The court has held that it may do this in the case of a merger if the abuse arises through a merger and as a result of the merger the undertaking is so strengthened that a degree of dominance has been reached which substantially fetters competition, which is defined by the Court as the situation in which only undertakings whose behaviour depends on the dominant one remain in the market. Under existing law no criteria, no turnover figures or market shares, are specified; it is left at large, as I understand the position. But under the existing law, though left at large, the Commission can order decartelisation. Therefore the Commission already possess substantial power but are seeking power to prohibit proposed mergers. The Joint Committee have been affected in the drafting of this report by the view which has been expressed in one authoritative journal that the staff would require to be increased by two-thirds, that is, the staff of the Directorate General dealing with this matter, and that the machinery would become dangerously bureaucratic. In effect it was felt that the Regulation discloses an attitude which is anti-merger as distinct from merely being concerned with abusive market possession or dominance arising.

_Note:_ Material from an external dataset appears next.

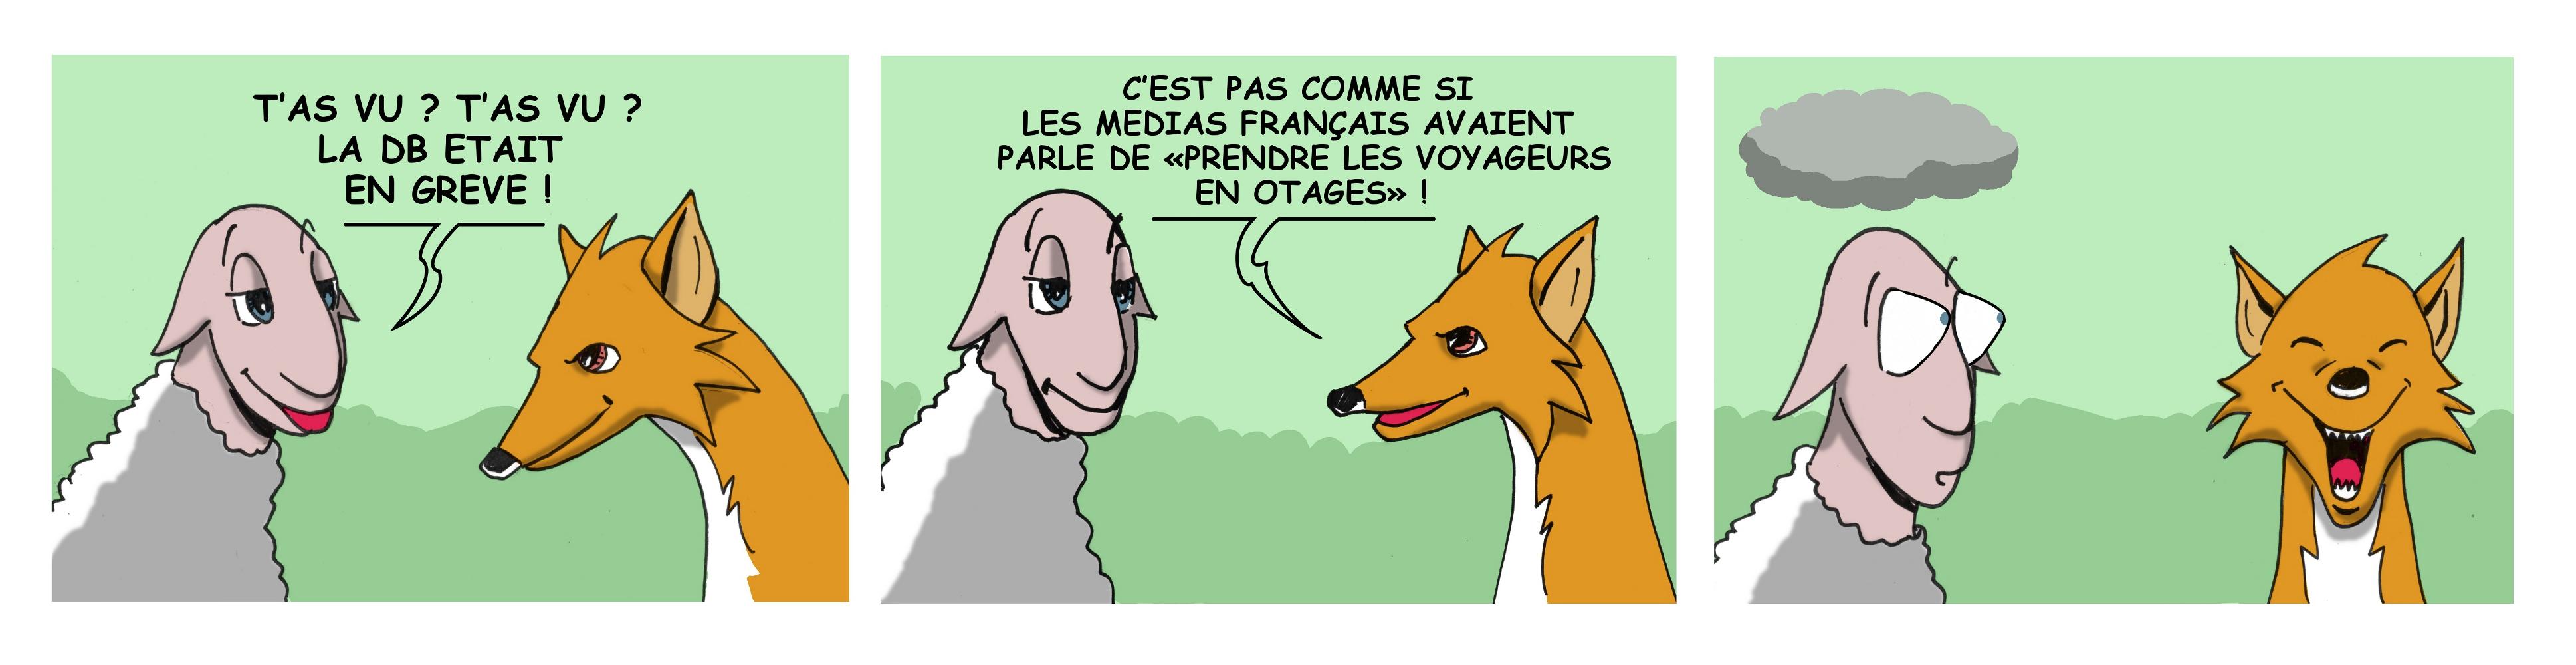 Bébête et Goupil croquent l'actualité

The Joint Committee question whether the proposed Regulation represents the best way of extending Community control. In doing so it has also been affected by views expressed quite strongly to it by the Confederation of Irish Industry. The Joint Committee expresses the view that the Commission's control—if the Regulation were adopted—should be through a consultation process with the Advisory Committee whose approval the Joint Committee believes should be required, the Advisory Committee consisting of an official from each Member State.
There are just two other points on it. A 12-month period was given to the Commission to reach a decision. In the Sub-Committee's view the requirement should be to commence proceedings within a month and to give a decision within two months. Finally, the Joint Committee stresses the confidentiality requirements of the proposed Regulation and the necessity for their strict observance and enforcement.
Perhaps it is relevant too to remind the Joint Committee at this stage that we have just passed through both Houses of the Oireachtas legislation which is awaiting the signature of the President which would give ministerial control of mergers which involve the merging of Irish companies or of Irish companies with foreign companies, where both the merging companies have either assets of £1¼ million or a turnover of £2½ million, irrespective of their market share. The control existing in this segment of the market is therefore very much more extensive than anything proposed in this proposal which will be the law very shortly and will also give power to the Minister after certain procedures are followed to order the decartelisation or the break up of anything which constitutes a monopoly, which is defined as being anything in excess of 50 per cent of the market or being in receipt of 50 per cent of the commodity used or the commodity supplied. Companies which export 90 per cent of their production are excluded. That summarises the situation as I find it.